**ACTIVITY:** Please reproduce exactly the line that contains "World's Best Great" and every line after it through the end of the records below, adding nothing else.

**EXTRACTED RECORDS:**

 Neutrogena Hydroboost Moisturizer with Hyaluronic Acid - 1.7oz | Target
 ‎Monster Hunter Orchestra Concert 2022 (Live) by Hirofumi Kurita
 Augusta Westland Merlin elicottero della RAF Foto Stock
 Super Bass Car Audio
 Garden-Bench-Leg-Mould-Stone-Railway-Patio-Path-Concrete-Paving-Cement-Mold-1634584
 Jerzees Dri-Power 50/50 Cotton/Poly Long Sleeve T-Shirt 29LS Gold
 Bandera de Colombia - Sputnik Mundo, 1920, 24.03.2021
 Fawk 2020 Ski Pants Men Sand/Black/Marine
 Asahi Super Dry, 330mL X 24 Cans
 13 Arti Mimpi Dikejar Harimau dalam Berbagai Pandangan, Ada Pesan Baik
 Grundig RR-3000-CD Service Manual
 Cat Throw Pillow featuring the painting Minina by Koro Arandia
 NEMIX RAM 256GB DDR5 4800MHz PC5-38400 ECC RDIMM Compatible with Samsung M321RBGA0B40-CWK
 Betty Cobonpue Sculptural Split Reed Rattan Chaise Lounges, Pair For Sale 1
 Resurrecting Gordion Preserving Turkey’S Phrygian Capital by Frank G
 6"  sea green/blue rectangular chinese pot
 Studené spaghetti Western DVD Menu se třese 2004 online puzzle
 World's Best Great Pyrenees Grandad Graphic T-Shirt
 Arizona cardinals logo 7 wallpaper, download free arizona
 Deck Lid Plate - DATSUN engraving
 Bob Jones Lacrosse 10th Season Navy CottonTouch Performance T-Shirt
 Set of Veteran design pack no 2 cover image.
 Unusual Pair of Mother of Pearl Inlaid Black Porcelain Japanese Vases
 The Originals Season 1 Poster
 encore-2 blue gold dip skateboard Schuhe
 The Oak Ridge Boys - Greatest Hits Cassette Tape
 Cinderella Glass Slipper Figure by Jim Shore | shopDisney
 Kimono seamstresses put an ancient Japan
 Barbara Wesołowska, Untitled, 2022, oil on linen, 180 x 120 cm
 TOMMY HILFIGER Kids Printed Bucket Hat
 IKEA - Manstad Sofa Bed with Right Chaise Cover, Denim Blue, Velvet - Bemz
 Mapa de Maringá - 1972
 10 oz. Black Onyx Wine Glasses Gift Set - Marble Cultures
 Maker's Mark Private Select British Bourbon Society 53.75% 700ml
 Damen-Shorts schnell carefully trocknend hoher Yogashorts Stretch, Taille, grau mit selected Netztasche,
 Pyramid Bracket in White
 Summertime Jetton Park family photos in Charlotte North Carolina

**EXERCISE RESPONSE:**
 World's Best Great Pyrenees Grandad Graphic T-Shirt
 Arizona cardinals logo 7 wallpaper, download free arizona
 Deck Lid Plate - DATSUN engraving
 Bob Jones Lacrosse 10th Season Navy CottonTouch Performance T-Shirt
 Set of Veteran design pack no 2 cover image.
 Unusual Pair of Mother of Pearl Inlaid Black Porcelain Japanese Vases
 The Originals Season 1 Poster
 encore-2 blue gold dip skateboard Schuhe
 The Oak Ridge Boys - Greatest Hits Cassette Tape
 Cinderella Glass Slipper Figure by Jim Shore | shopDisney
 Kimono seamstresses put an ancient Japan
 Barbara Wesołowska, Untitled, 2022, oil on linen, 180 x 120 cm
 TOMMY HILFIGER Kids Printed Bucket Hat
 IKEA - Manstad Sofa Bed with Right Chaise Cover, Denim Blue, Velvet - Bemz
 Mapa de Maringá - 1972
 10 oz. Black Onyx Wine Glasses Gift Set - Marble Cultures
 Maker's Mark Private Select British Bourbon Society 53.75% 700ml
 Damen-Shorts schnell carefully trocknend hoher Yogashorts Stretch, Taille, grau mit selected Netztasche,
 Pyramid Bracket in White
 Summertime Jetton Park family photos in Charlotte North Carolina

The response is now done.